17. The data processing system of claim 16, wherein classifying the potential anomaly to obtain the anomaly classification comprises:

making an anomaly resolution determination to determine whether the potential anomaly can be analyzed using a simple solution or a complex solution,

wherein the simple solution is a non-machine learning based solution and the complex solution is a machine learning based solution, and

wherein a result of the anomaly resolution determination is indicated as the anomaly classification.

18. The data processing system of claim 17, wherein determining the set of data required for analyzing the potential anomaly comprises:

making a data requirement assessment, using the result of the anomaly resolution determination and local data stored within a local data repository of the data processing system, to determine whether the data processing system has enough data stored locally to properly analyze the potential anomaly;

in an event that a result of the data requirement assessment indicates that the data processing system does have enough data stored locally to properly analyze the potential anomaly, collecting the set of data comprises obtaining the set of data from the local data repository; and

in an event that a result of the data requirement assessment indicates that the data processing system does not have enough data stored locally to properly analyze the potential anomaly, collecting the set of data comprises obtaining at least one portion of the set of data from remote sources.

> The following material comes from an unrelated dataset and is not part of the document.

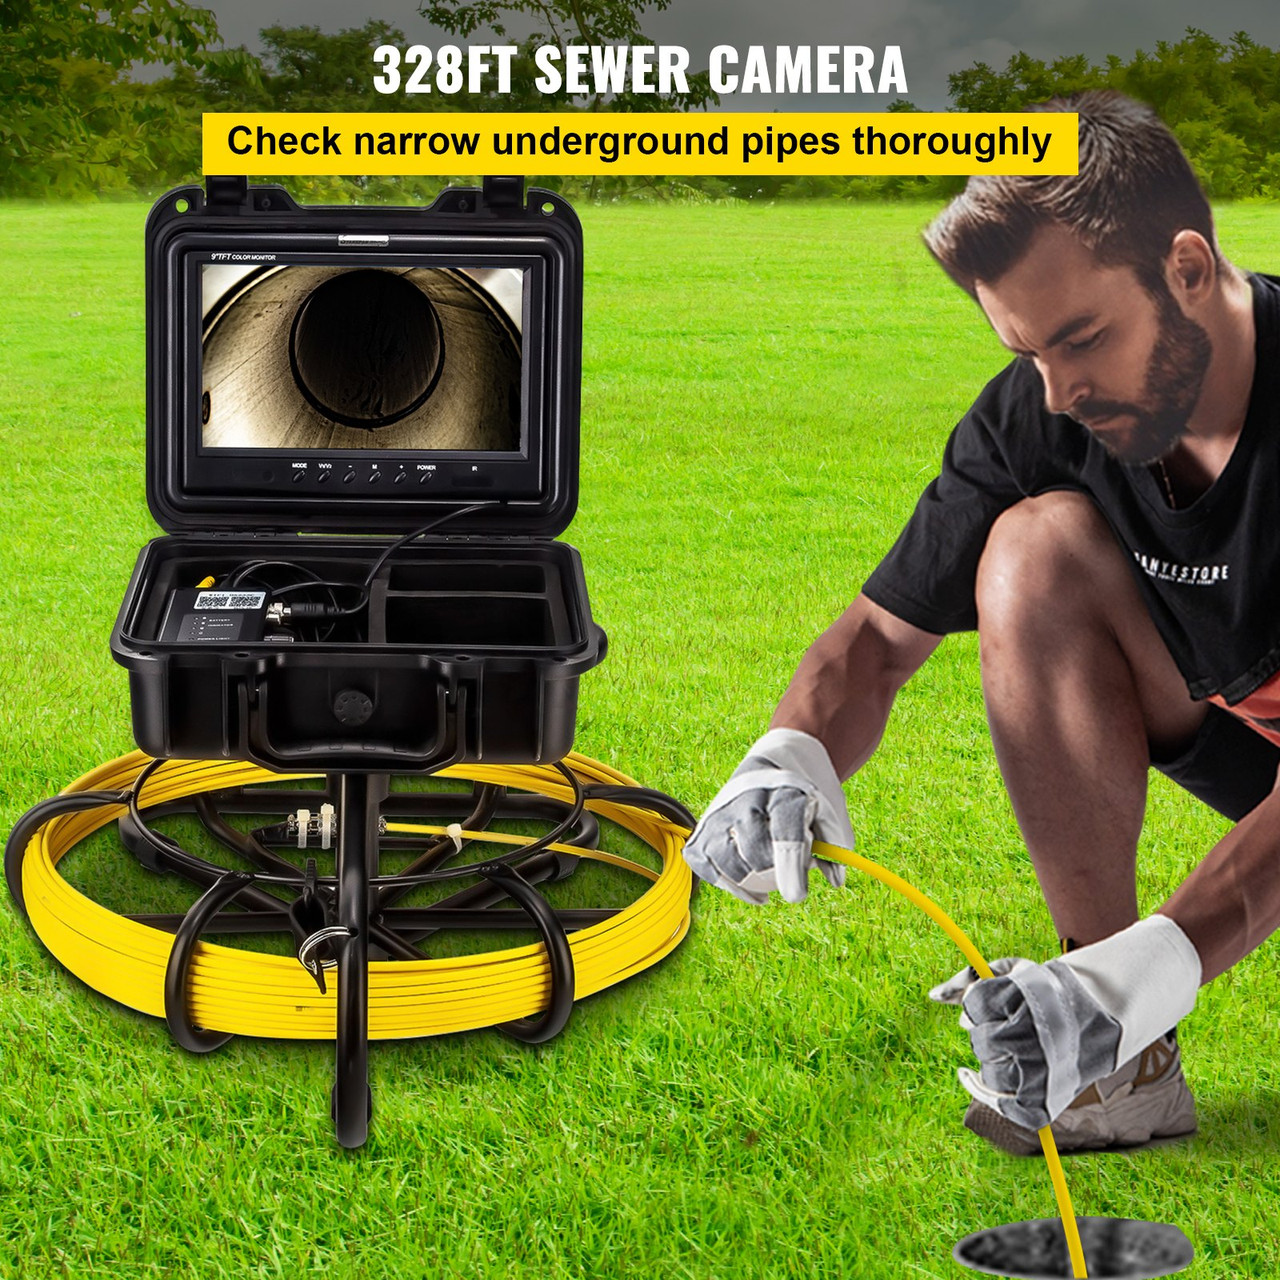 Pipe Sewer Inspection Sewer Camera DVR HD 9" Pipe Camera with 328ft Cable

19. The data processing system of claim 18, wherein obtaining the at least one portion of the set of data from the remote sources comprises:

using a similarity map to identify the remote sources from which the at least one portion of the set of data is to be collected, the similarity map being stored in a similarity map repository of the data processing system.

20. The data processing system of claim 19, wherein the remote sources being one or more neighboring nodes to the data processing system within a computing infrastructure comprising a plurality of interconnected data processing systems, each of the plurality of interconnected data processing systems being a node within the computing infrastructure and the data processing system being one of the plurality of interconnected data processing systems.